READY FOR WINTER? FORD ADDS NEW REMOTE START FEATURE, HEATED STEERING WHEEL TO WARM CUSTOMERS


* Ford responds to customers' desire for warmth in colder months with new factory-installed remote start system and heated steering wheel for the 2011 model year
* Ford's remote start system, when combined with automatic climate control, will gauge the temperature and quickly achieve a comfortable cabin environment. Heating, heated seats and defrost activate on colder days; air conditioning, cooled seats kick in when the weather is warm
* Ford engineers calculate that using a remote start system could help reduce hydrocarbon, CO and nitrogen oxides emissions by up to 75 percent, since it preheats the catalyst on cold starts (where up to 95 percent of emissions typically occur), prior to those first few accelerations
* Ford's remote start factory option quickly will be offered across the entire Ford, Lincoln and Mercury lineup after launching on the 2011 Ford Super Duty next spring; the heated steering wheel option debuts on the 2011 Lincoln MKX

DEARBORN, Mich., Dec. 3, 2009 – Ford, responding to increasing consumer demand, is heating up its vehicle lineup with winter-weather options including a factory-installed remote start system and heated steering wheel.

The remote start system will debut on the 2011 Ford Super Duty next spring and eventually will be offered across the Ford, Lincoln and Mercury lineup. Also next year, Lincoln will begin offering customers a heated steering wheel option, which will be available first on the new 2011 Lincoln MKX.

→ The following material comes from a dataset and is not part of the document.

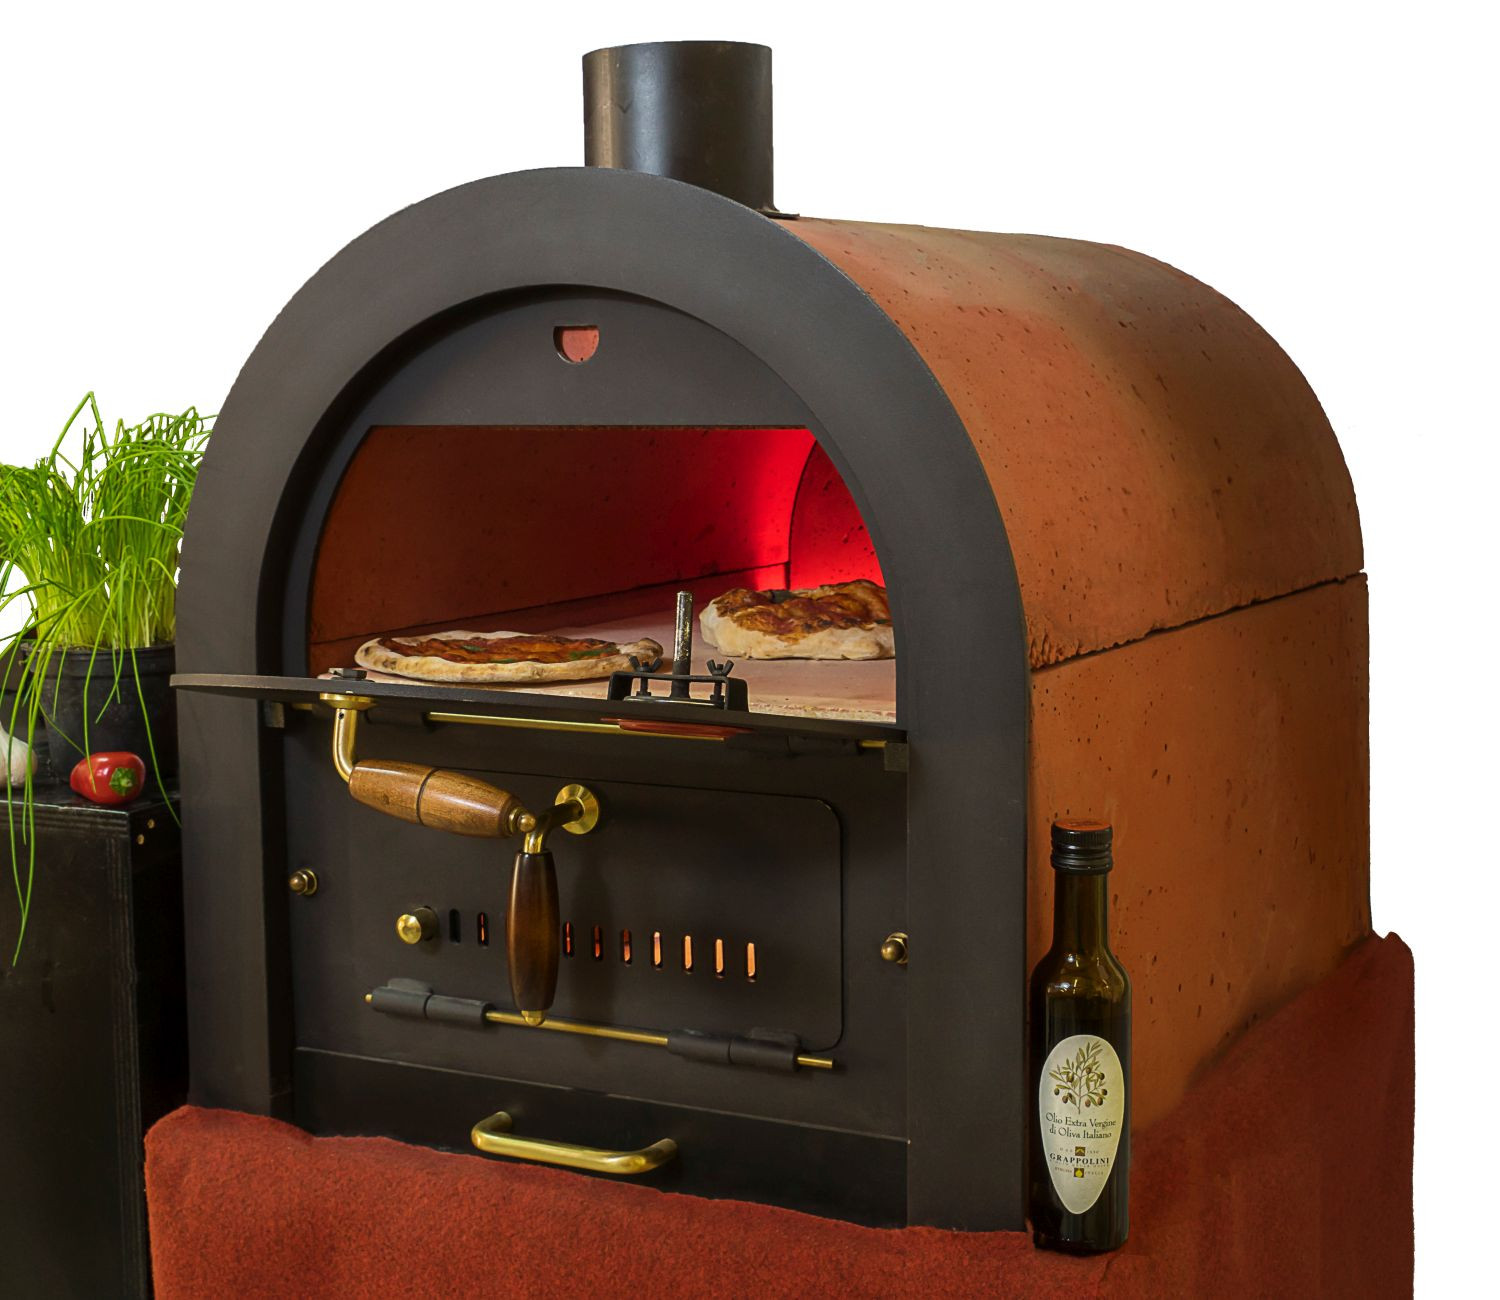 Steinbackofen Holzbackofen Pizzaofen Bausatz Valoriani mit indirekter Befeuerung damit backen Sie die perfekte italienische Pizza

Ford has been offering a dealer-installed remote start kit since the late 1990s that has proven popular with customers. The kits rank as one of the top three Genuine Ford Accessories sold nationally for the past five years. In the past year, sales have increased 40 percent since Ford started installing the dealer remote starter kits at modification centers located near assembly plants.

The new factory option comes in response to strong customer demand. A recent J.D. Power Emerging Technology Study found 90 percent of customers would prefer remote start systems be factory-installed.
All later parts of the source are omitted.